PROMPT -
Leave every picture out, then reproduce the rest of the listing exactly.

RECORDED INFORMATION -

■ ■ ■ ■

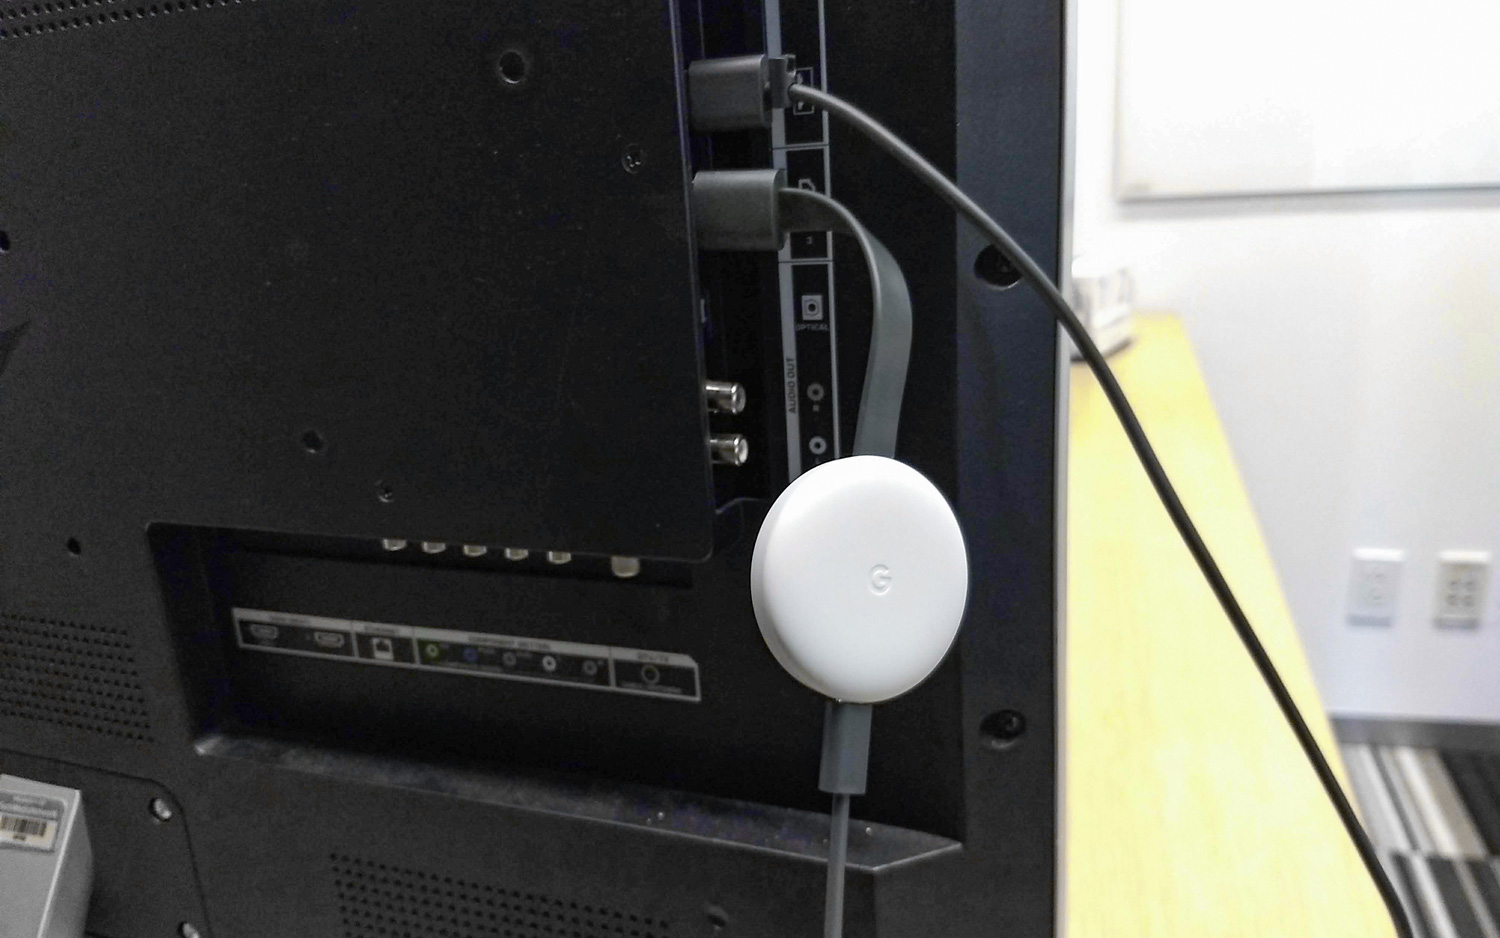 Google Chromecast just sits behind the screen
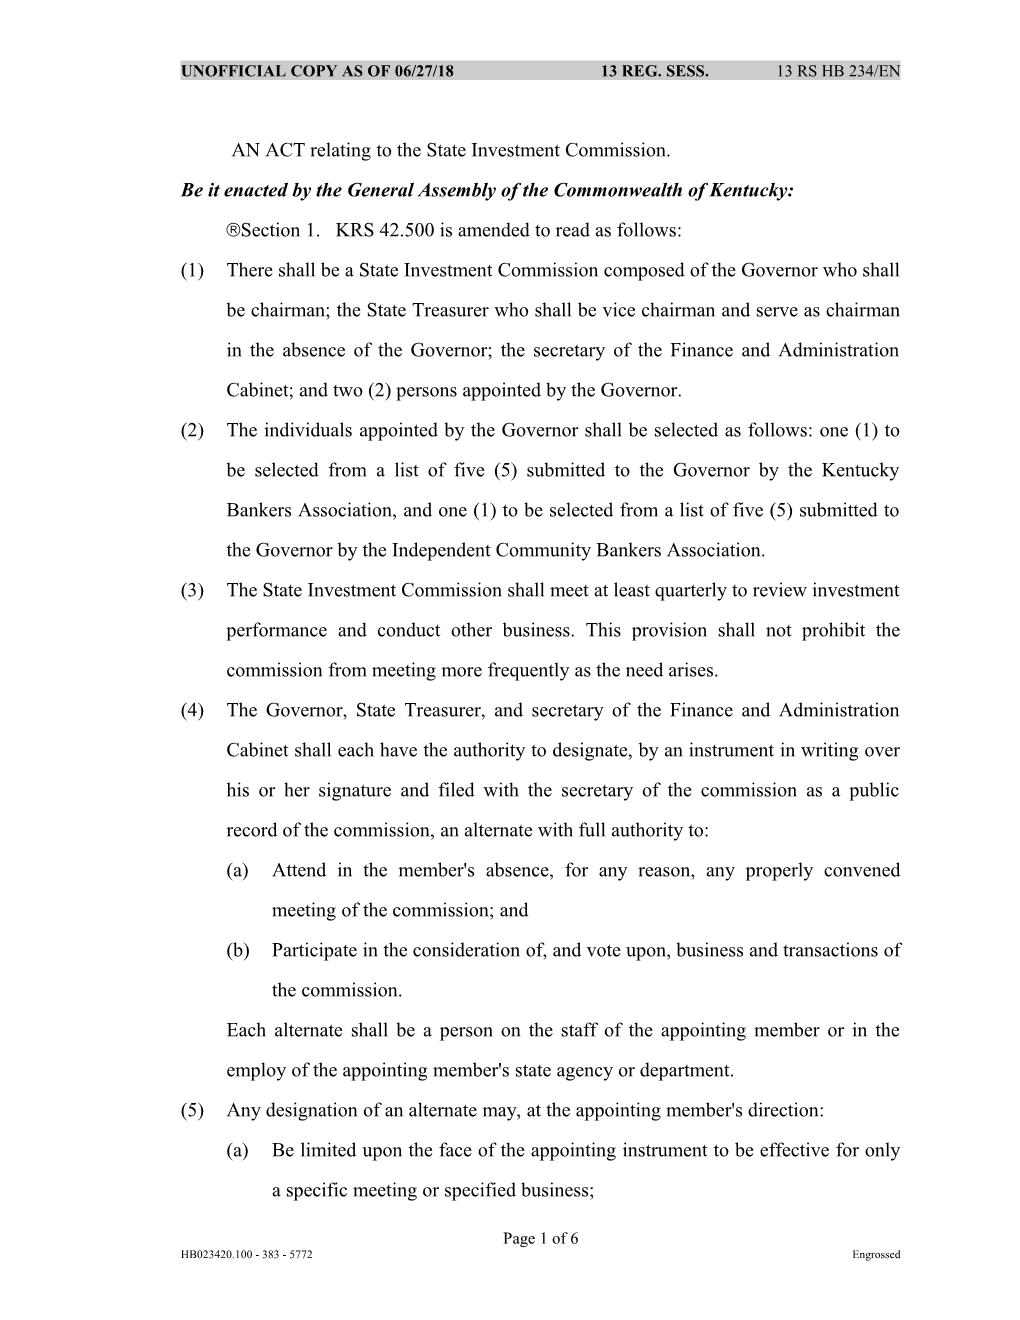 AN ACT Relating to the State Investment Commission
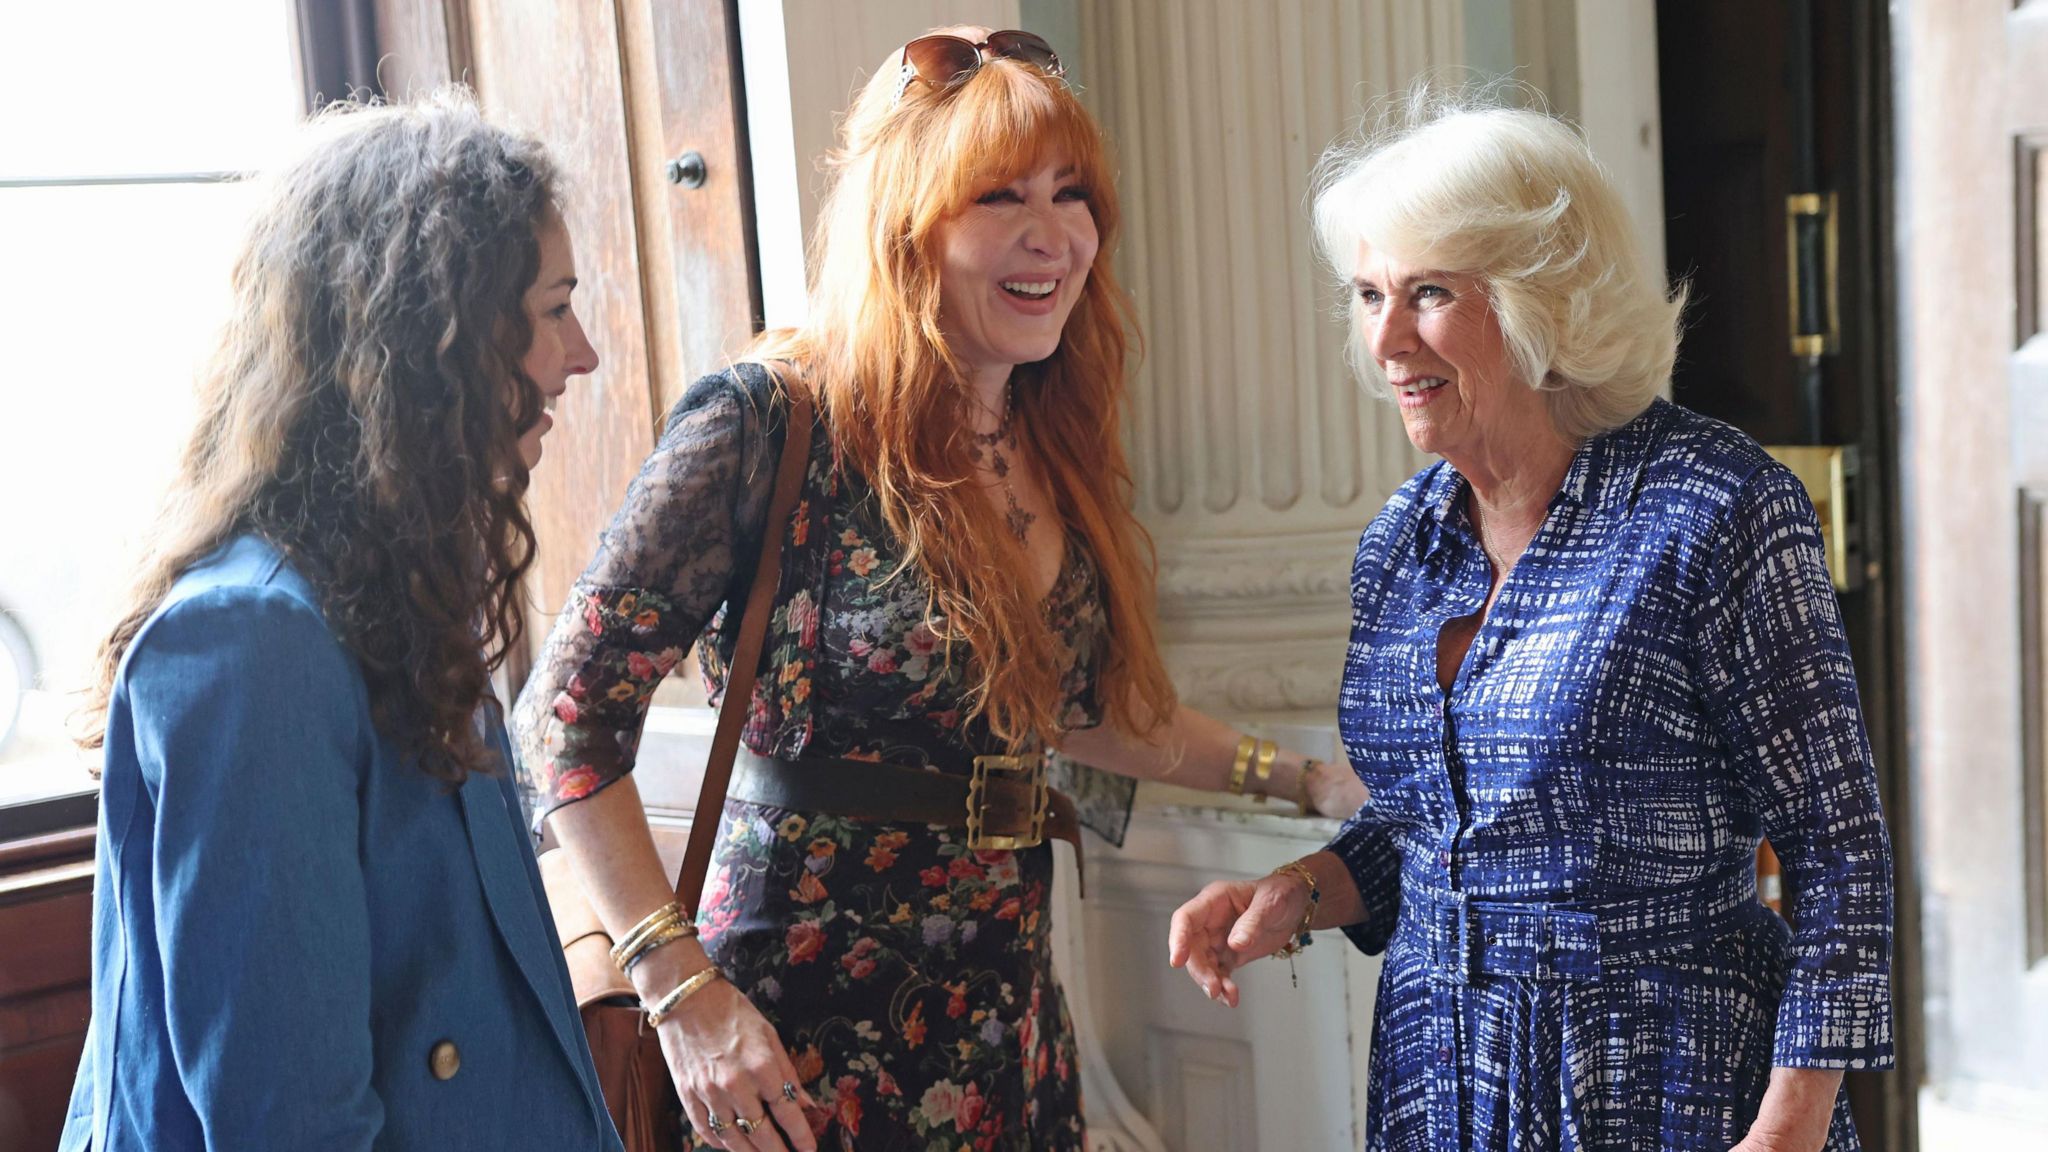 The Marchioness of Cholmondeley, Rose Hanbury, and beauty entrepreneur, Charlotte Tilbury, chatting with Queen Camilla

■ ■ ■ ■

RESULT OF THE EXERCISE -
 Google Chromecast just sits behind the screen
 AN ACT Relating to the State Investment Commission
 The Marchioness of Cholmondeley, Rose Hanbury, and beauty entrepreneur, Charlotte Tilbury, chatting with Queen Camilla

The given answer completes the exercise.